> [Task to carry out]: Leave the pictures out and restate every line below exactly.

> [Exercise data]:
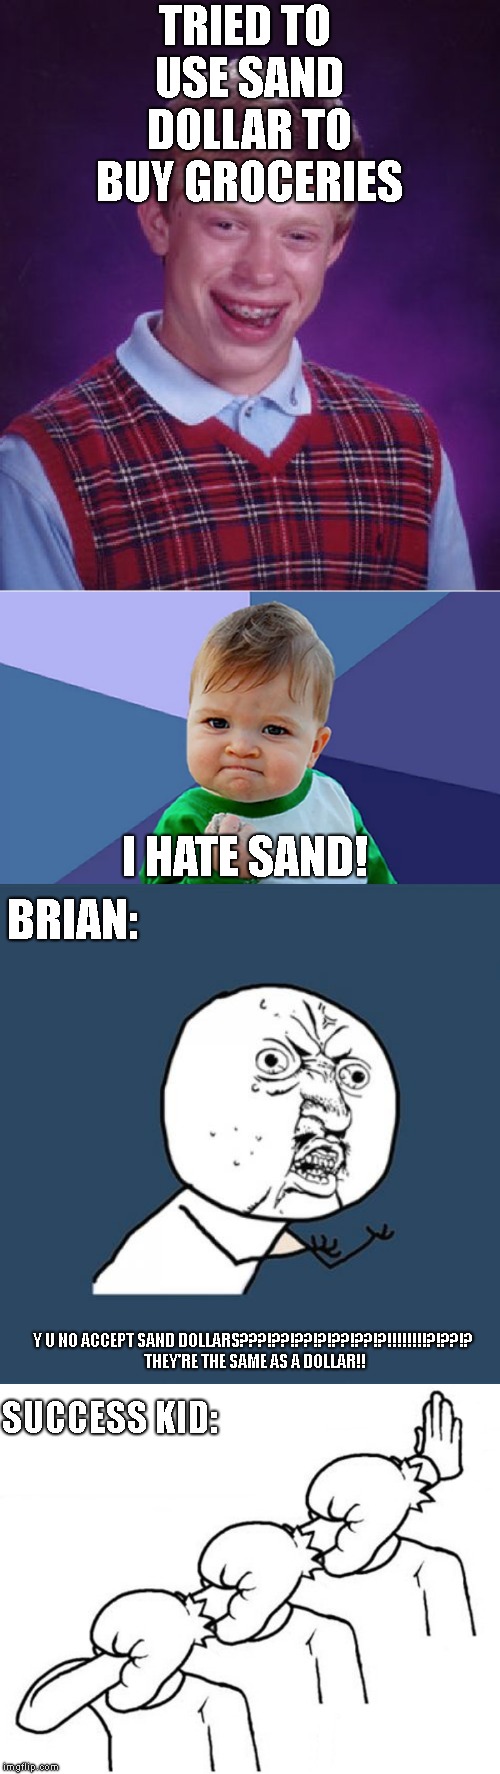 Brian cant catch a break | TRIED TO USE SAND DOLLAR TO BUY GROCERIES; I HATE SAND! BRIAN:; Y U NO ACCEPT SAND DOLLARS???!??!??!?!??!??!?!!!!!!!!?!??!? THEY'RE THE SAME AS A DOLLAR!! SUCCESS KID: | image tagged in y u no,bad luck brian,success kid,memes | made w/ Imgflip meme maker
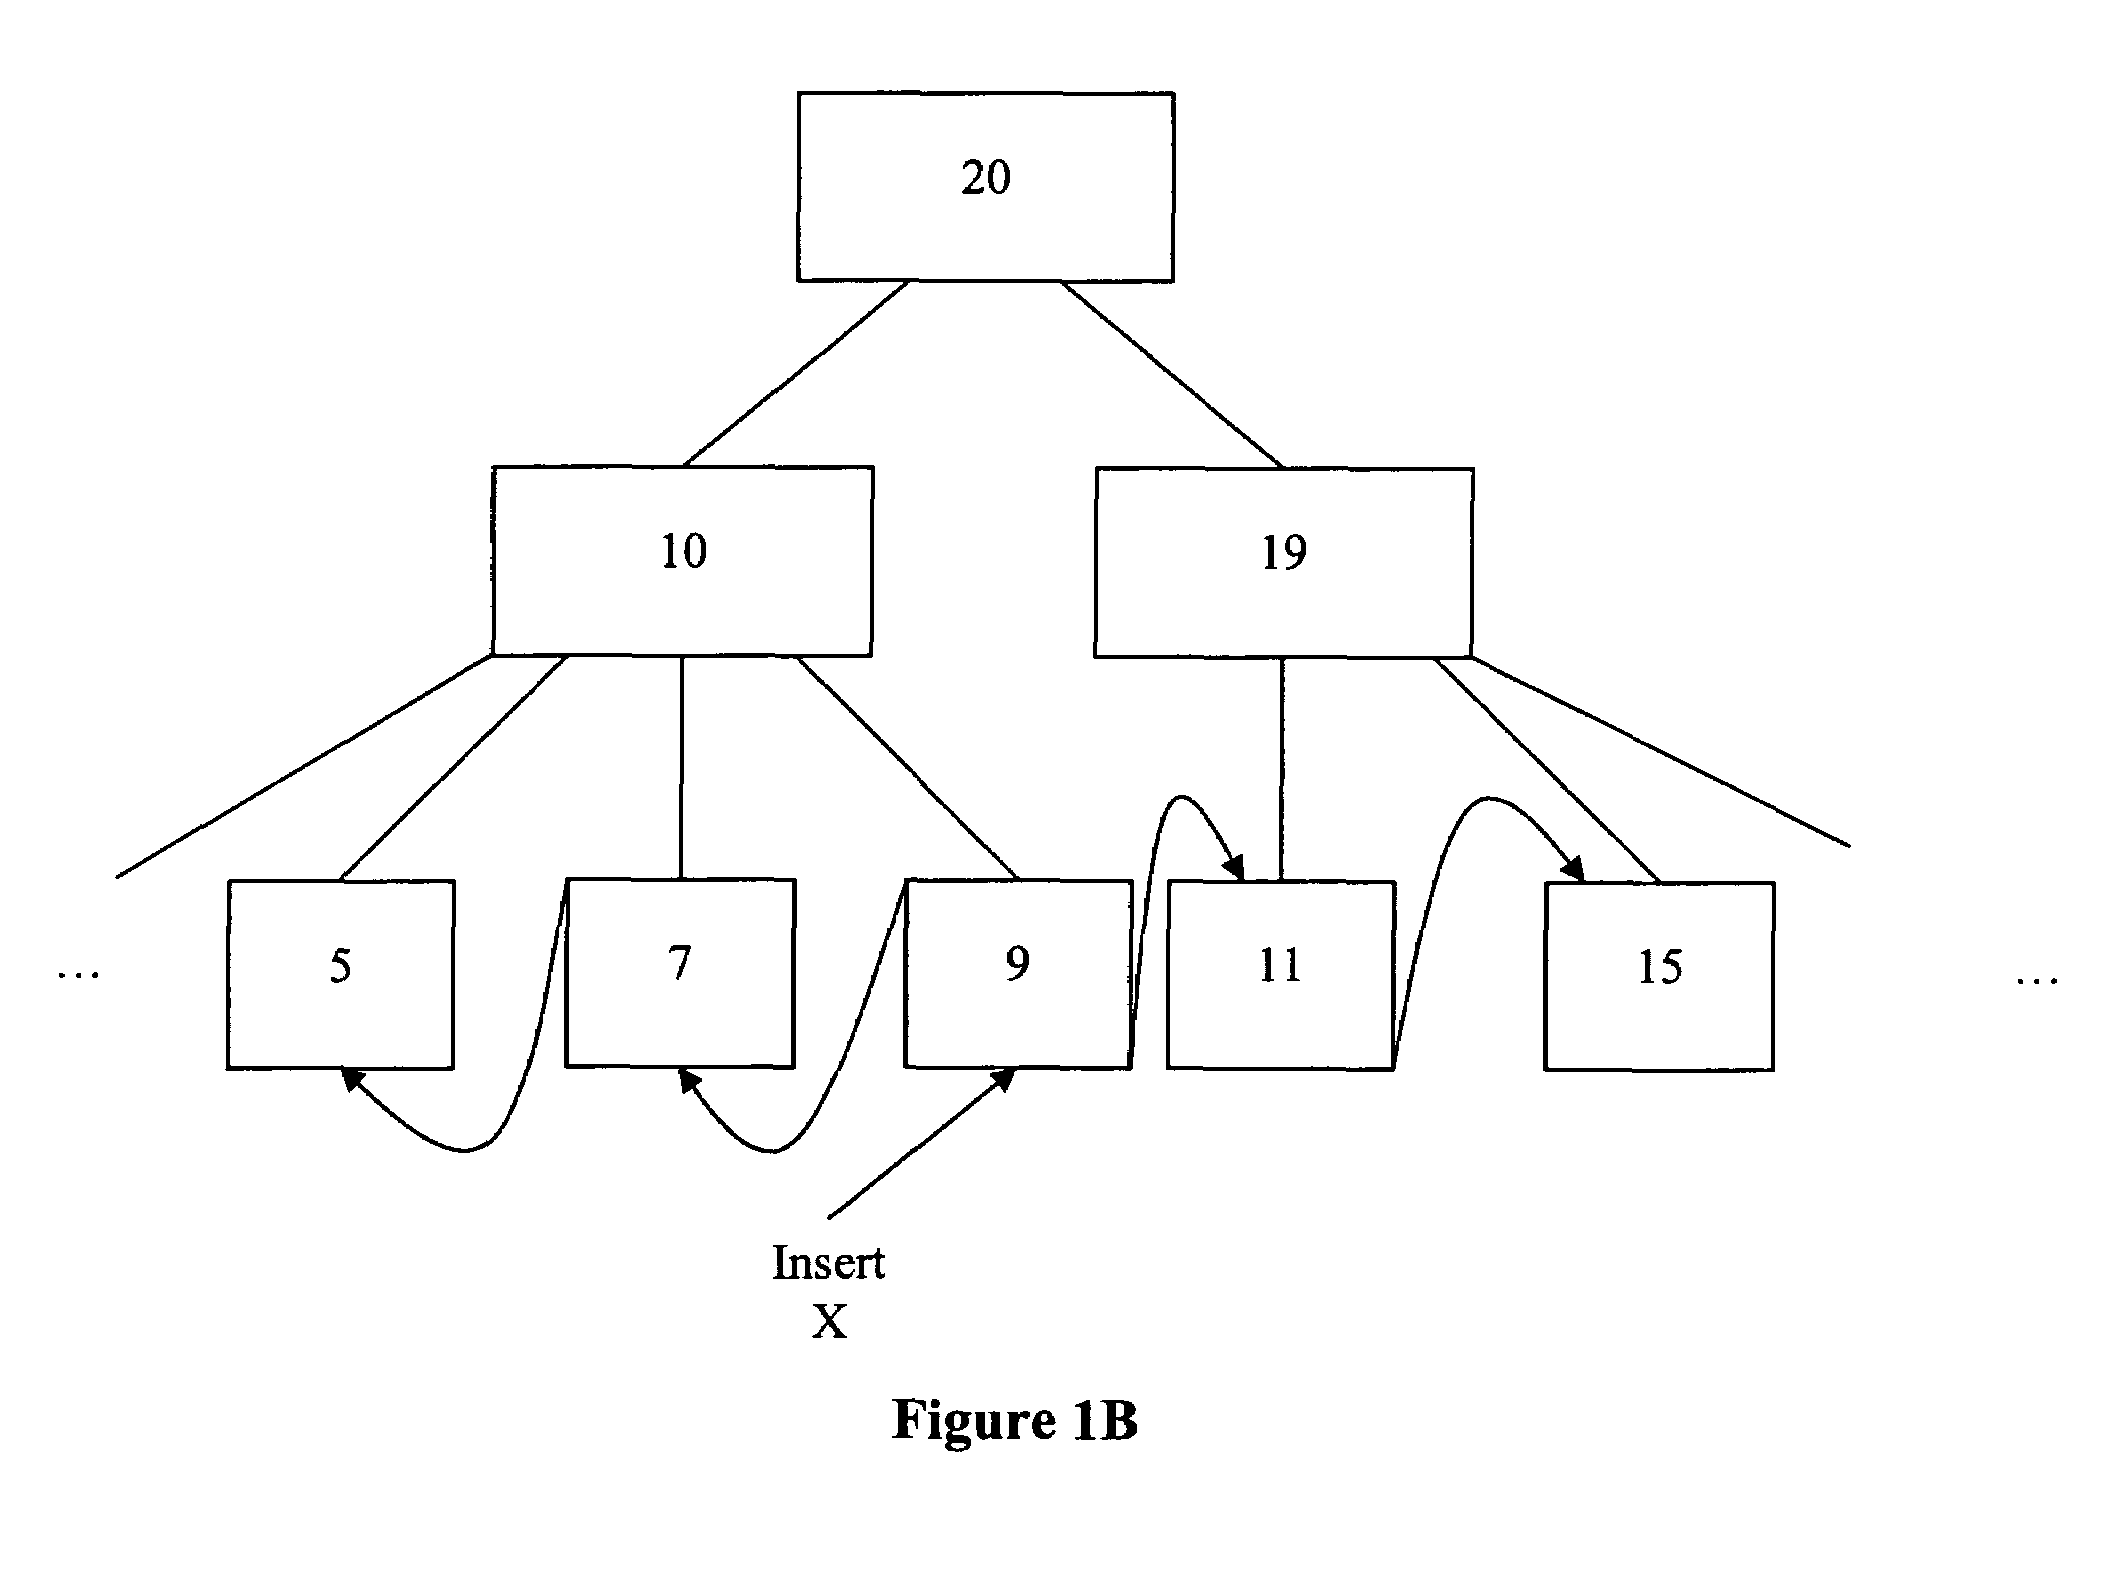 Method and system for rapid insertion of various data streams into sorted tree structures
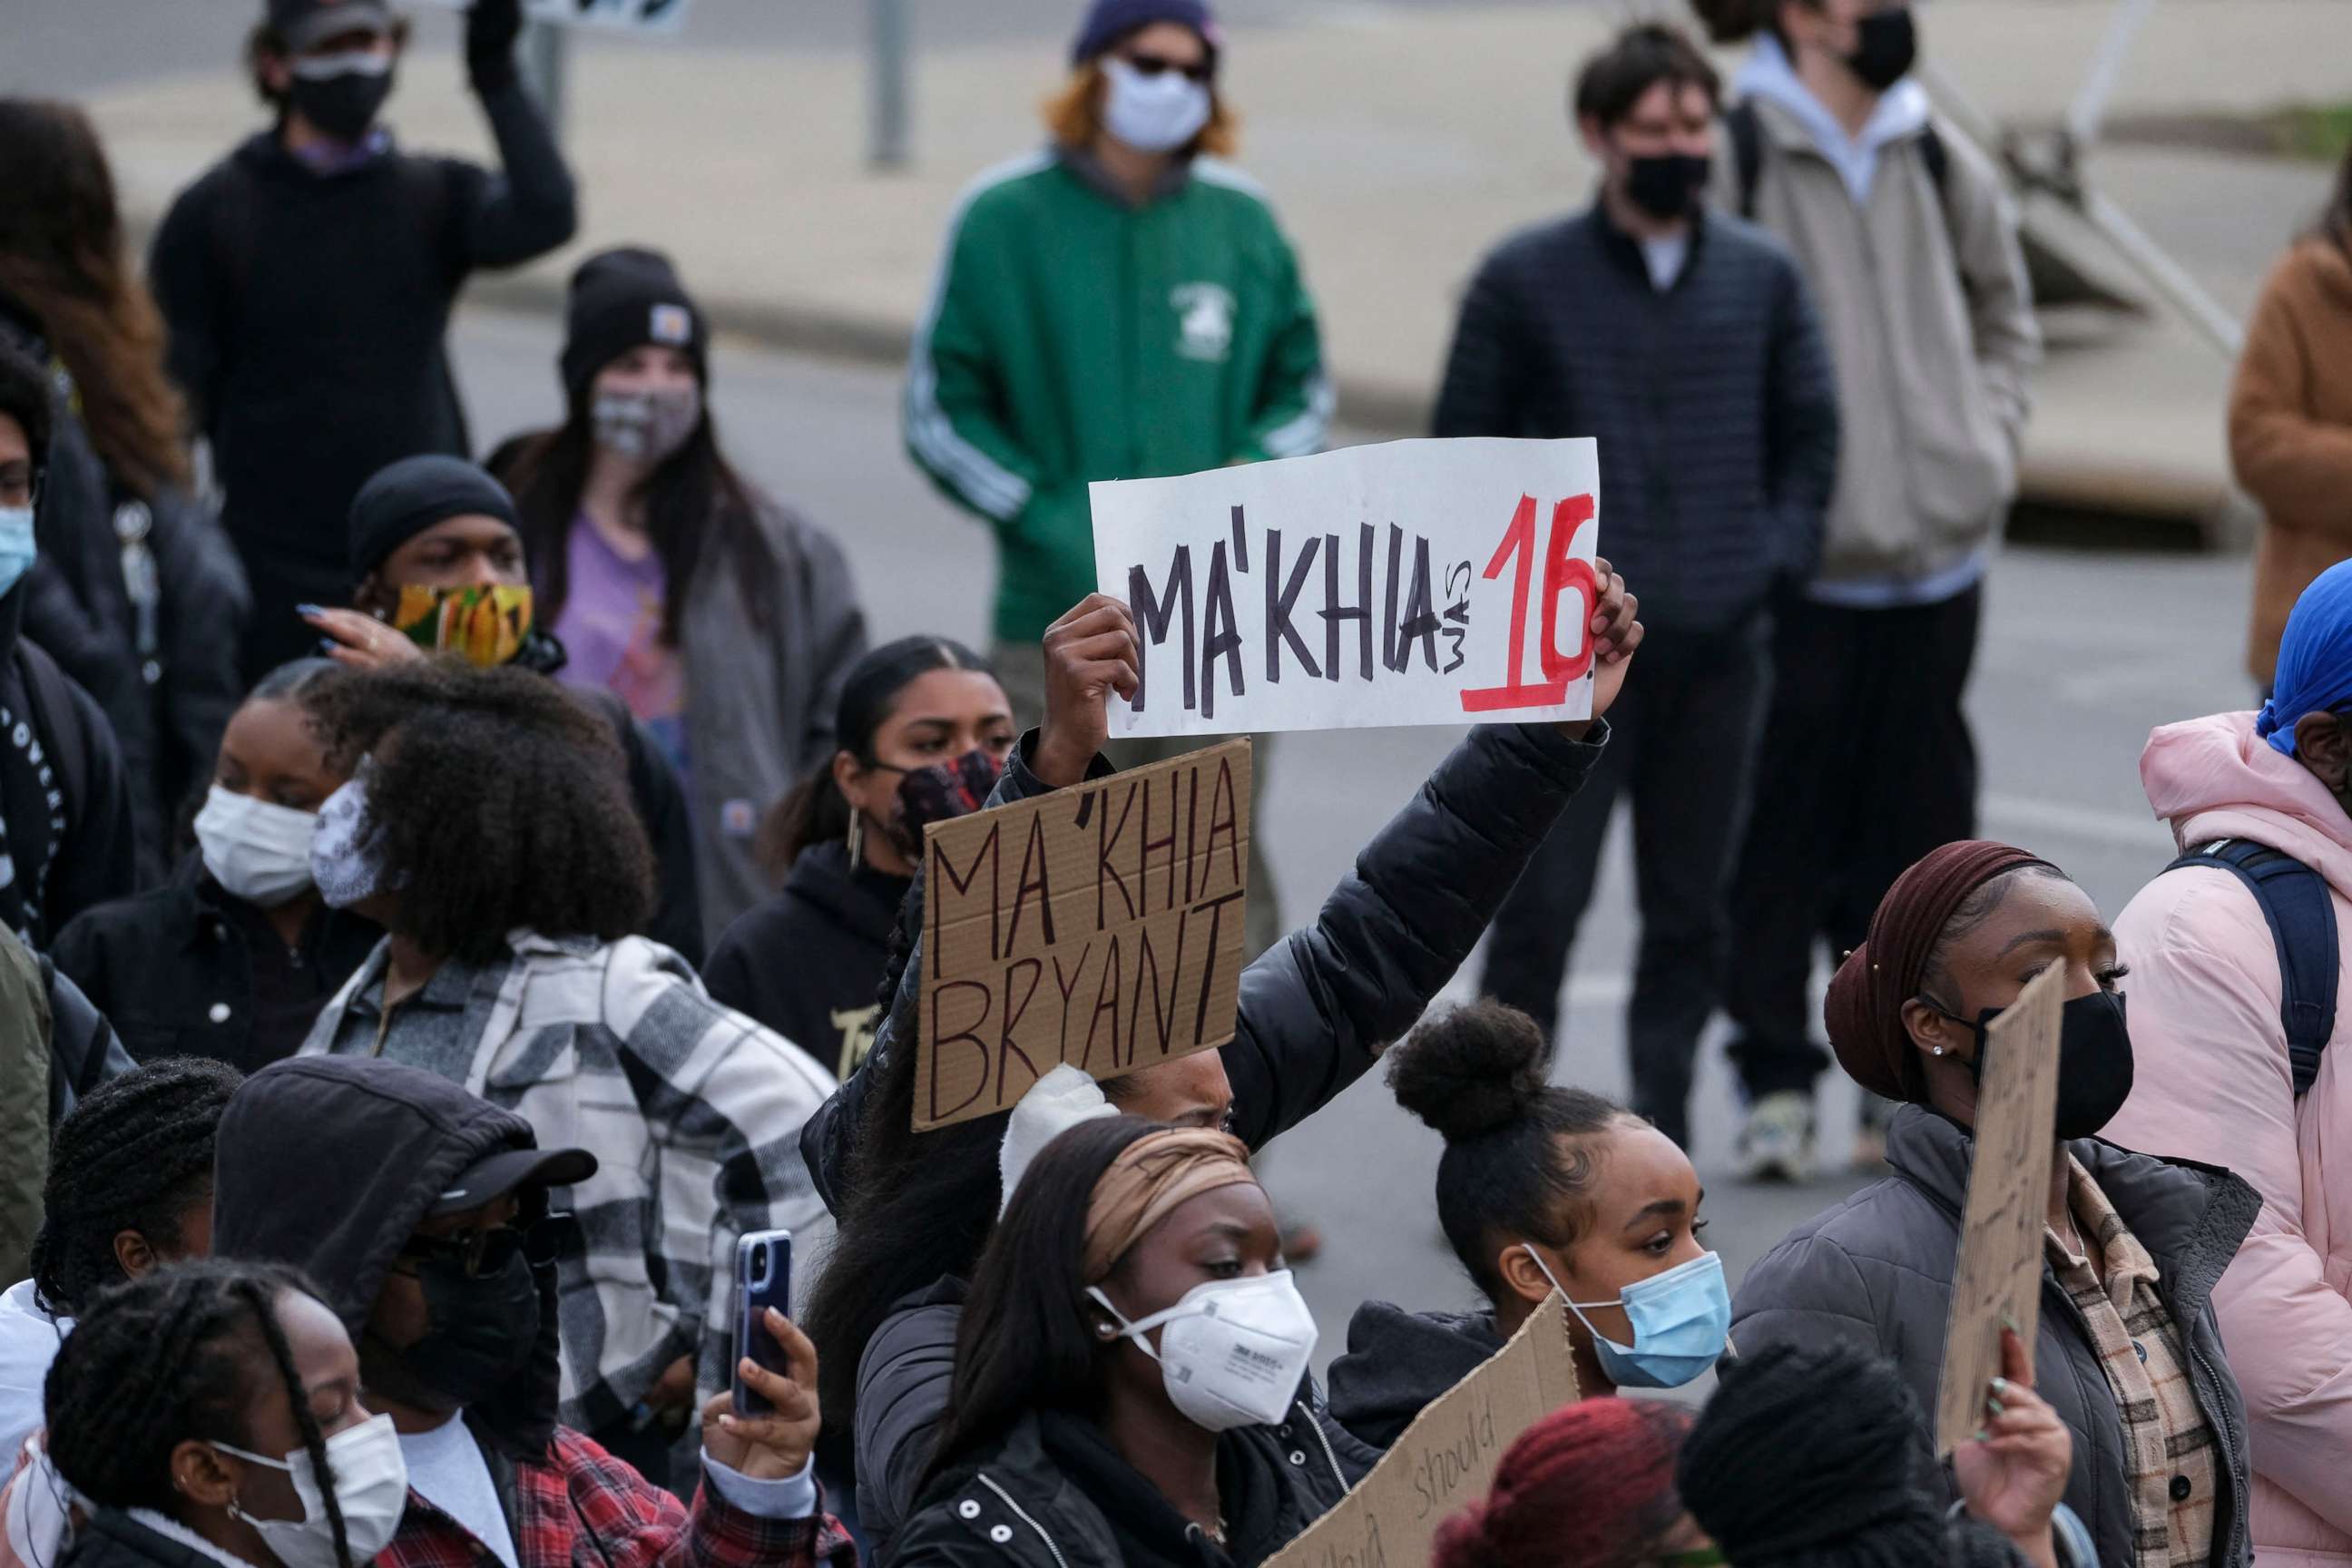 PHOTO: Students and demonstrators march on the campus of The Ohio State University in Columbus, Ohio, on April 21, 2021, to protest the killing of Ma'Khia Bryant, 16, by the Columbus Police Department.

> [Result of the task]:
 Brian cant catch a break | TRIED TO USE SAND DOLLAR TO BUY GROCERIES; I HATE SAND! BRIAN:; Y U NO ACCEPT SAND DOLLARS???!??!??!?!??!??!?!!!!!!!!?!??!? THEY'RE THE SAME AS A DOLLAR!! SUCCESS KID: | image tagged in y u no,bad luck brian,success kid,memes | made w/ Imgflip meme maker
 Method and system for rapid insertion of various data streams into sorted tree structures
 PHOTO: Students and demonstrators march on the campus of The Ohio State University in Columbus, Ohio, on April 21, 2021, to protest the killing of Ma'Khia Bryant, 16, by the Columbus Police Department.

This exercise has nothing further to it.